Jacinda Ardern says she won't be opening up parts of New Zealand with low vaccination rates just so she can have the Christmas holiday she wants.

But Kiwis can help speed up the end of any land borders that might be in place over the festive season by getting vaccinated, she told Newshub Nation in an interview broadcast on Saturday.

There's been confusion this week - a growing theme of the COVID-19 response it seems, as we transition from elimination to suppression - over whether Aucklanders will be able to travel for Christmas. COVID-19 Response Minister Chris Hipkins threw a spanner in the works when he suggested requiring Aucklanders to apply for allocated time slots for travel, so there weren't queues at the border while people's vaccination documents were checked.

Other ministers played down the suggestion as merely one of many Cabinet was considering, Deputy Prime Minister Grant Robertson saying it "wouldn't be very practical". 

"Here's the simple issue that we have," Ardern told Newshub Nation host Tova O'Brien. "We are all totally committed to ensuring - and this is a bottom line for us - Aucklanders need to be able to move around for summer and for Christmas. So then the question becomes, how do you do that in the safest way possible?"

She said the obvious options - vaccine certificates and testing - all require a hard border. 

"We've tended to use [borders] for short periods of time and for small numbers of people. We've got to find something workable. Here's the challenge though - 30,000 to 40,000 people needing to move all at once. 

"So we've just got to figure out a way to make sure that people aren't stuck in queues for long periods of time. No decisions have been taken, no decisions. But that's the dilemma… We want to make it as smooth as we can. But one thing I will say to Aucklanders is we are not going to keep you trapped over Christmas. We can't, we won't, it's not right, but we have to find a way that we can continue to keep people safe."

ACT leader David Seymour said Ardern needs to rule out the "bonkers" idea of time slots.

"It's not often ACT agrees with Grant Robertson, but Jacinda should take his side," he said after the interview with Ardern aired. 

"It's November.

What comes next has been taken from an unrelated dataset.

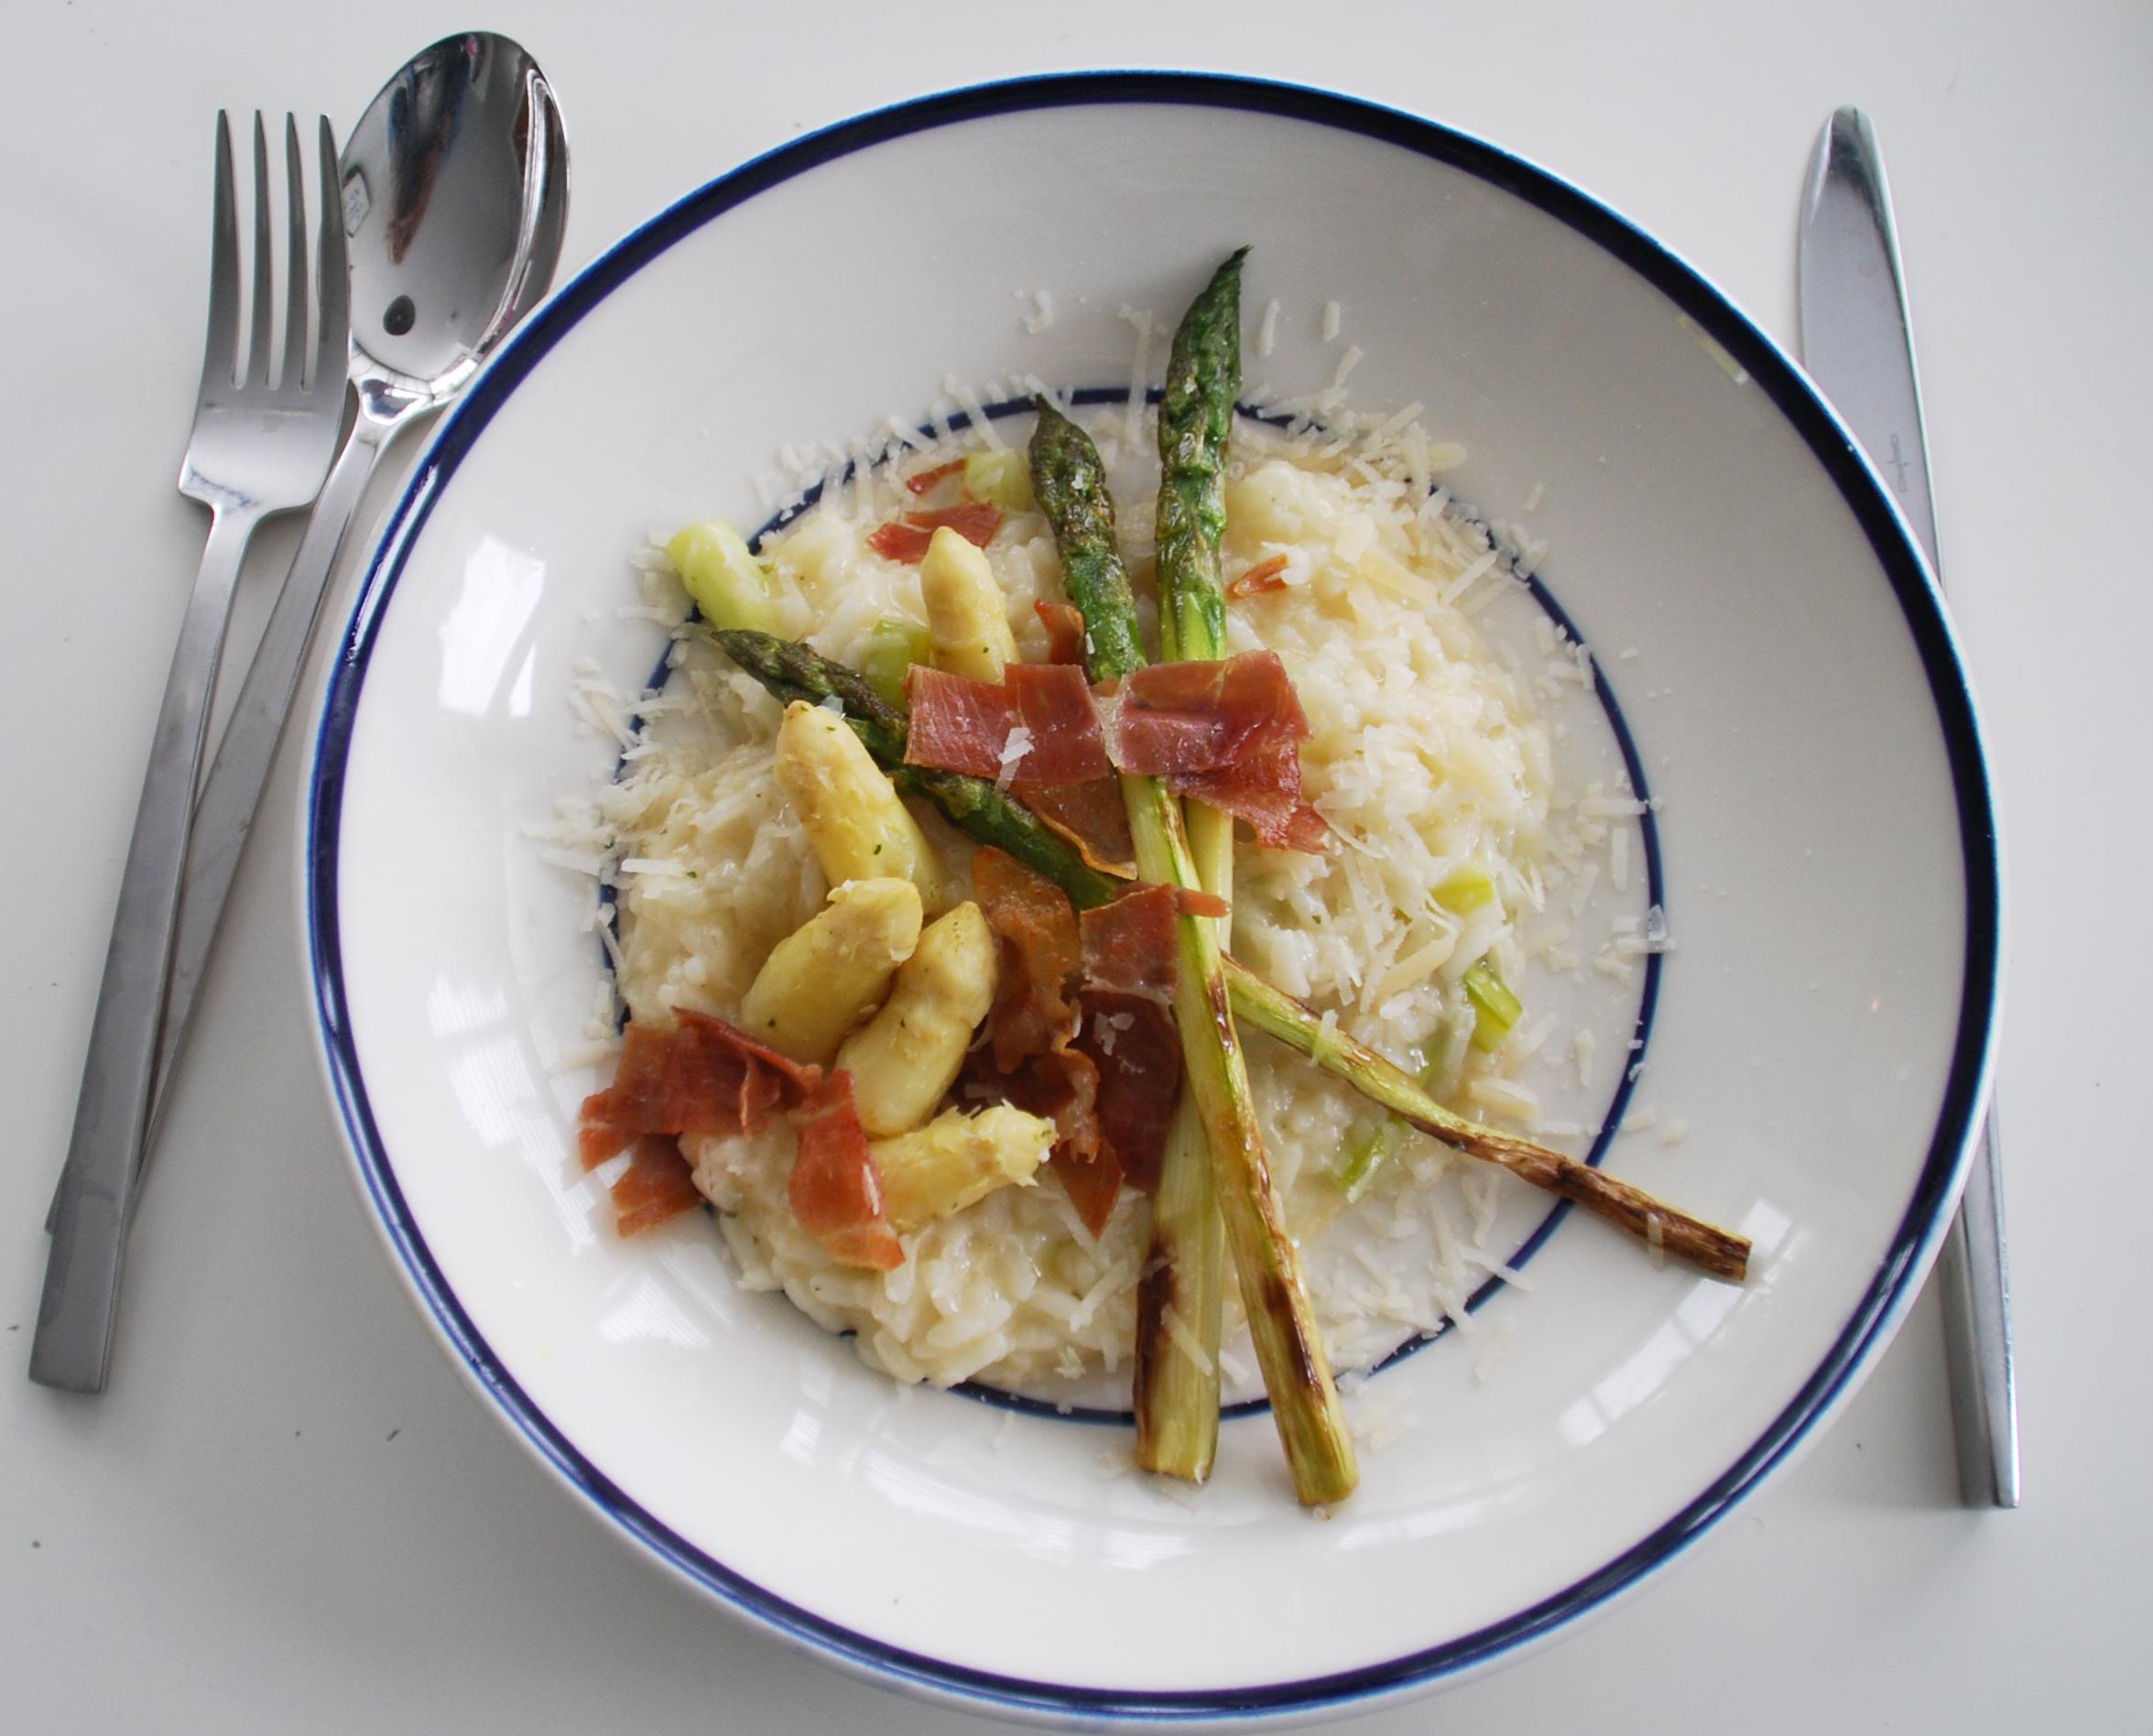 Heerlijke asperges door de risotto!

Kiwis want to book their well-deserved holiday before it becomes unaffordable but once again the Government hasn’t planned ahead and is making it up as it goes along. After 80 days of lockdown, Aucklanders need to see some light at the end of the tunnel. That light isn't waiting in a queue for hours on end to show their papers."

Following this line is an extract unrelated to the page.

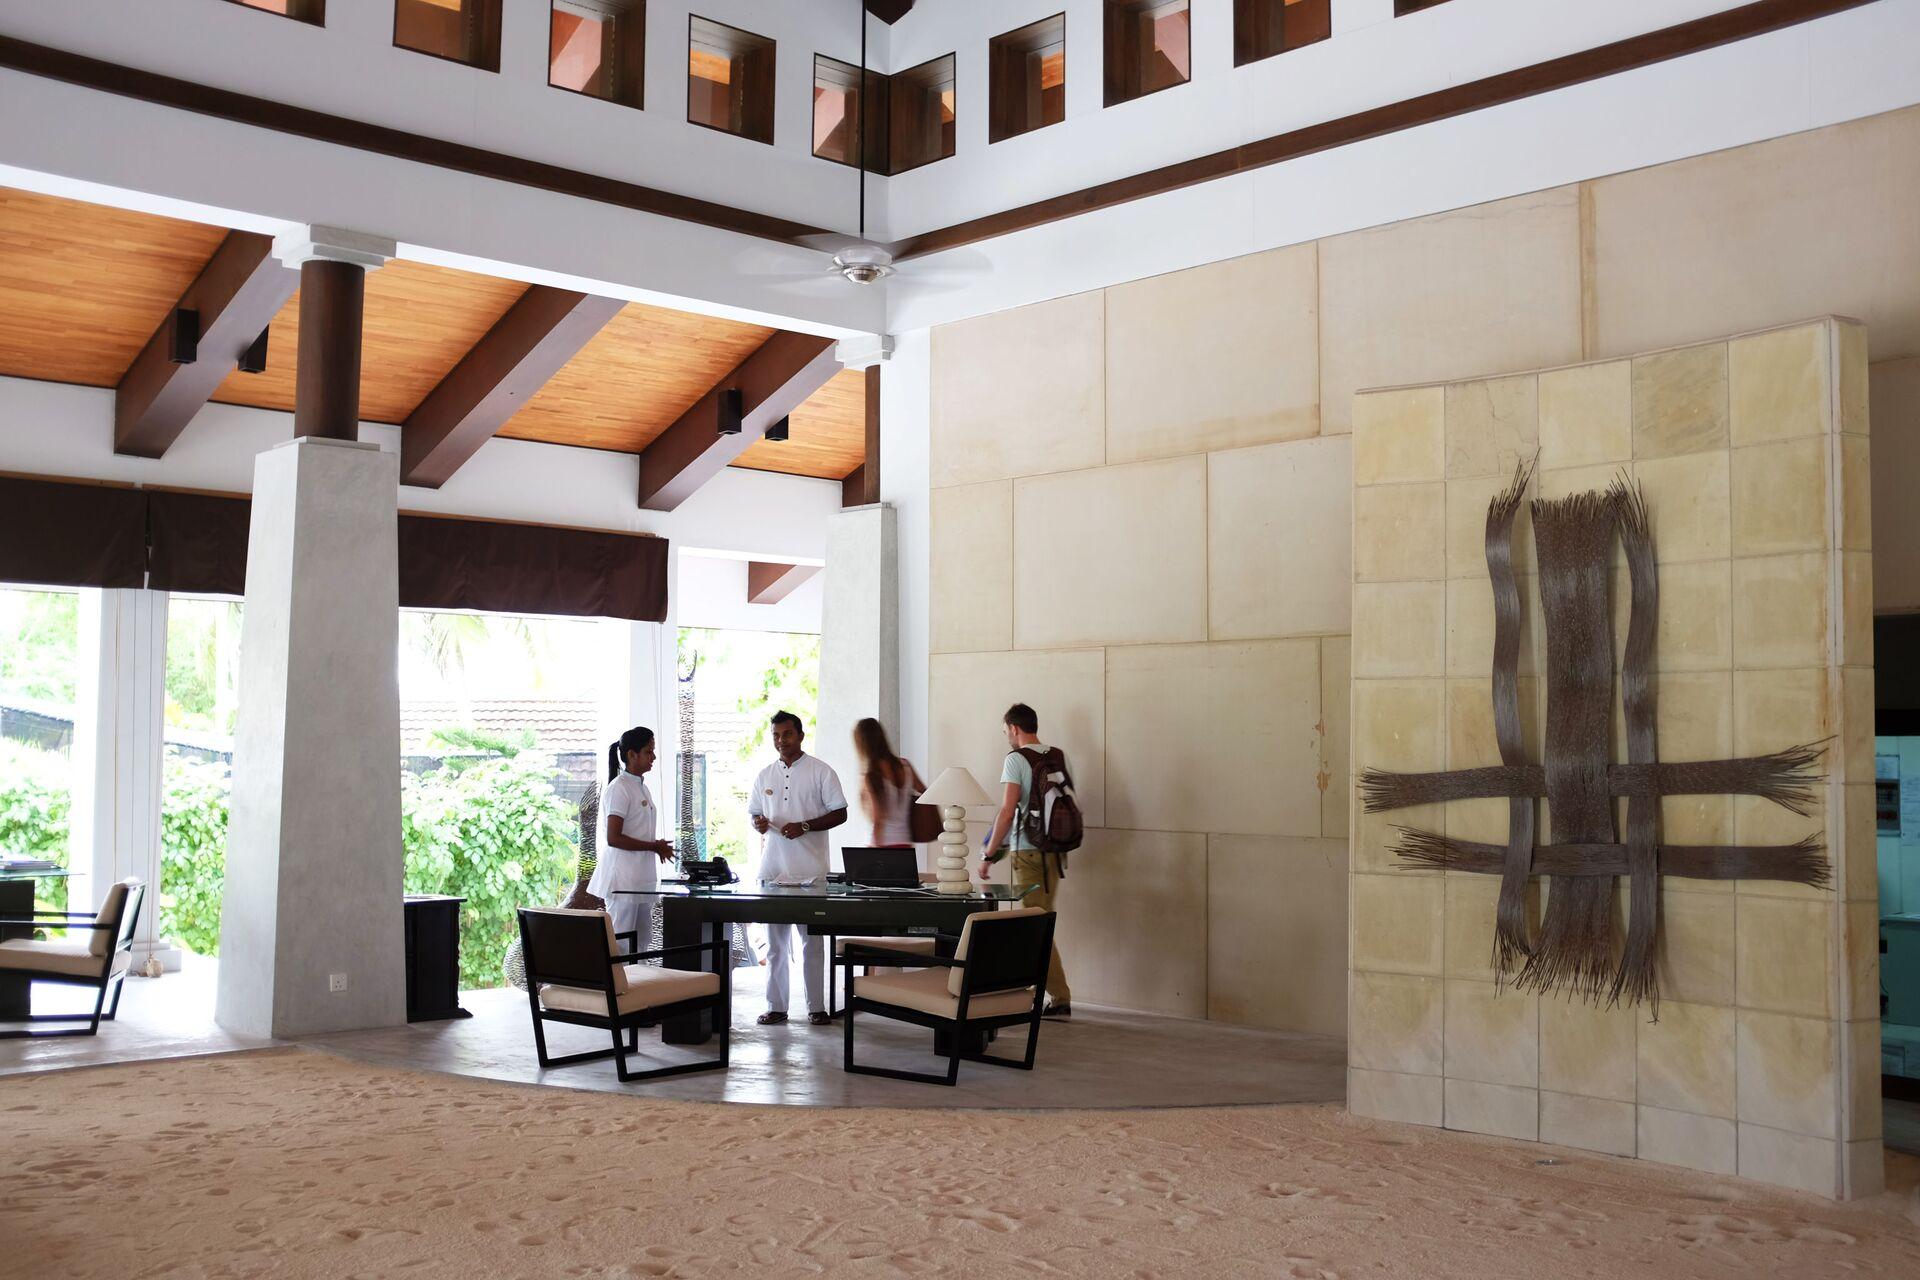 La reception di un hotel alle Maldive - Sputnik Italia, 1920, 22.05.2021

Seymour suggested the Government should declare December 1 'Freedom Day', because by then "everyone has had the opportunity to be vaccinated".

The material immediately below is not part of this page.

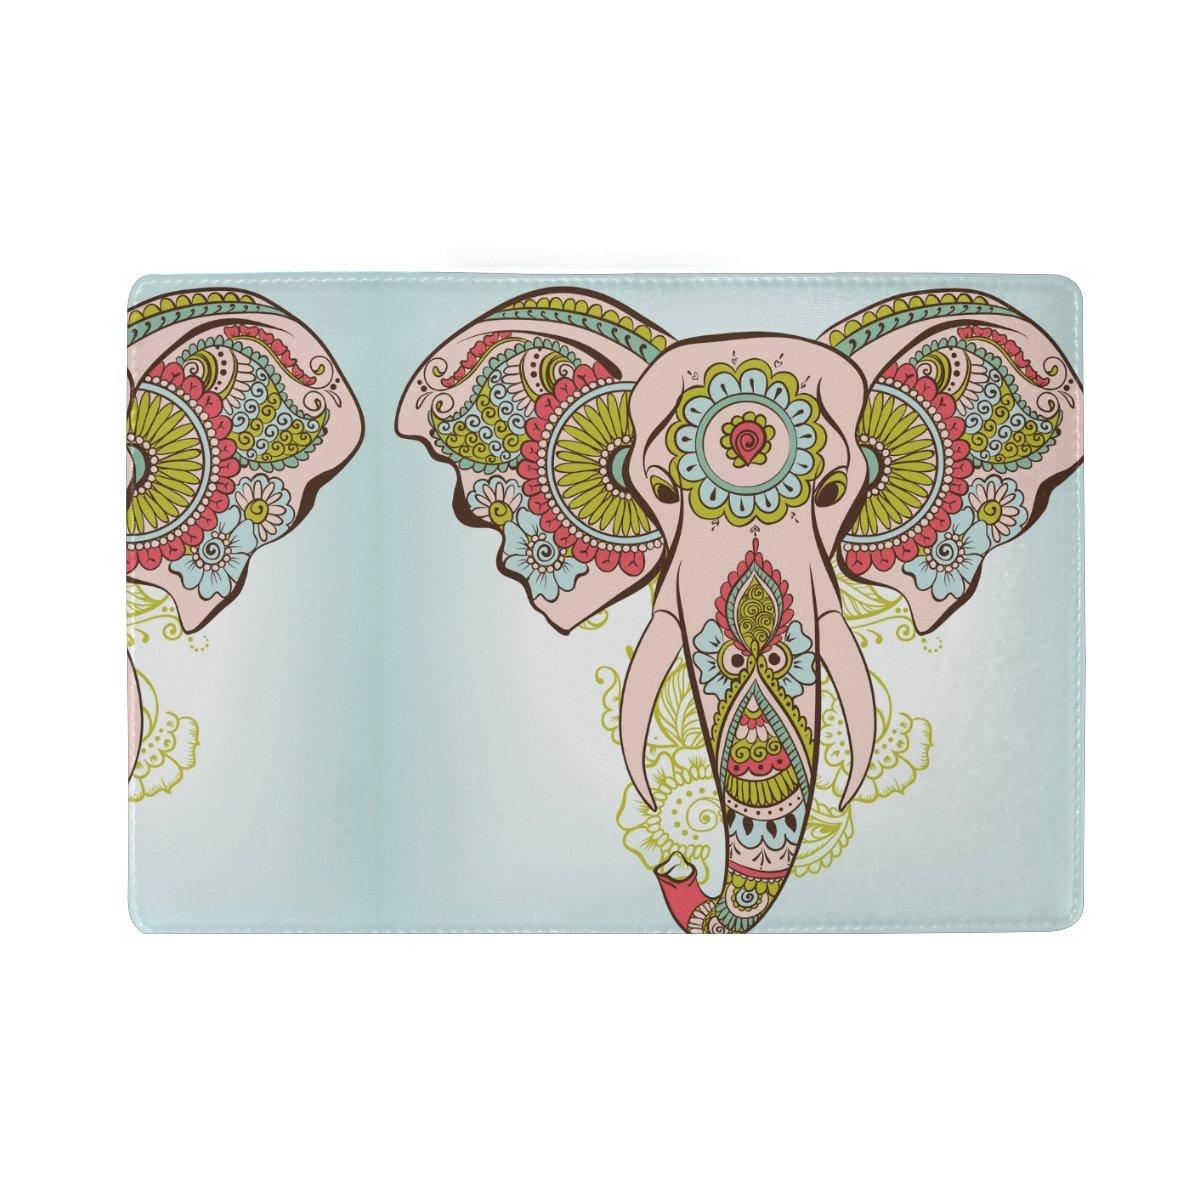 COOSUN Elefante en el pasaporte de piel cubierta de la caja titular indio de la alheña de viaje Un bolsillo Medio Multicolor: Amazon.es: Equipaje

The UK declared a 'Freedom Day' earlier this year, but it had to be pushed back several weeks after daily case numbers started rising dramatically. Since loosening restrictions, the UK has had a new surge in infections, with about 200 dying every day from COVID-19 in recent months.

What to do with the unvaccinated 

Ardern said the Government is still getting legal advice on whether the unvaccinated can be legally stopped from travelling. They're far more likely to be infected with COVID-19 and pass it on, and outside of Auckland there is very little COVID-19 at present. 

While anti-vaccination activists have accused the Government of acting dictatorial, Ardern says any restrictions on them will only be temporary.

"That hard border is not going to remain there forever. It is doing a job now while  we have a highly vaccinated Auckland and an outbreak, but the rest of the country is still vaccinating, and so that's the role it's providing. It will not be there forever."

Requiring vaccine certificates for travel and events will also be only temporary, she said, until "we have high vaccination rates across the rest of the country".

"The COVID protection framework, what people are calling the 'traffic light', it is not designed to have hard borders dividing up New Zealand, and that's because it's based on the idea of having good high rates of vaccination across the country."

So far 89 percent of those eligible (aged 12-plus) have had their first jab, and 77 percent their second. This places us 27th in the world for first doses and 34th for second, when total populations are considered. 

But the rollout hasn't been even across the country. Ardern said if it was, it would be a much simpler decision to scrap the border separating Auckland - which has some of the best coverage in the nation - from the rest of the country. 

O'Brien asked Ardern if she was still planning to hit the East Cape for Christmas, her partner Clarke Gayford hailing from Gisborne, where they plan to get married. The Tairawhiti DHB, which covers the region, has the lowest vaccination rates in the country - just 80 percent of those eligible have had their first dose and 65 percent their second. 

"To be honest, I haven't changed any of my plans, but nor have I made many at the moment," said Ardern. "That's simply for the fact that I've been focused on the work we're doing here. 

"But as I've said, my commitment to Aucklanders is that they will have a summer break. My commitment is to New Zealand and this is what we're working very hard on. Everyone needs a reprieve right now. People are COVID exhausted. I want that reprieve, that break to happen over summer…

"One thing I'll say is, the COVID response is not based on my holiday plans."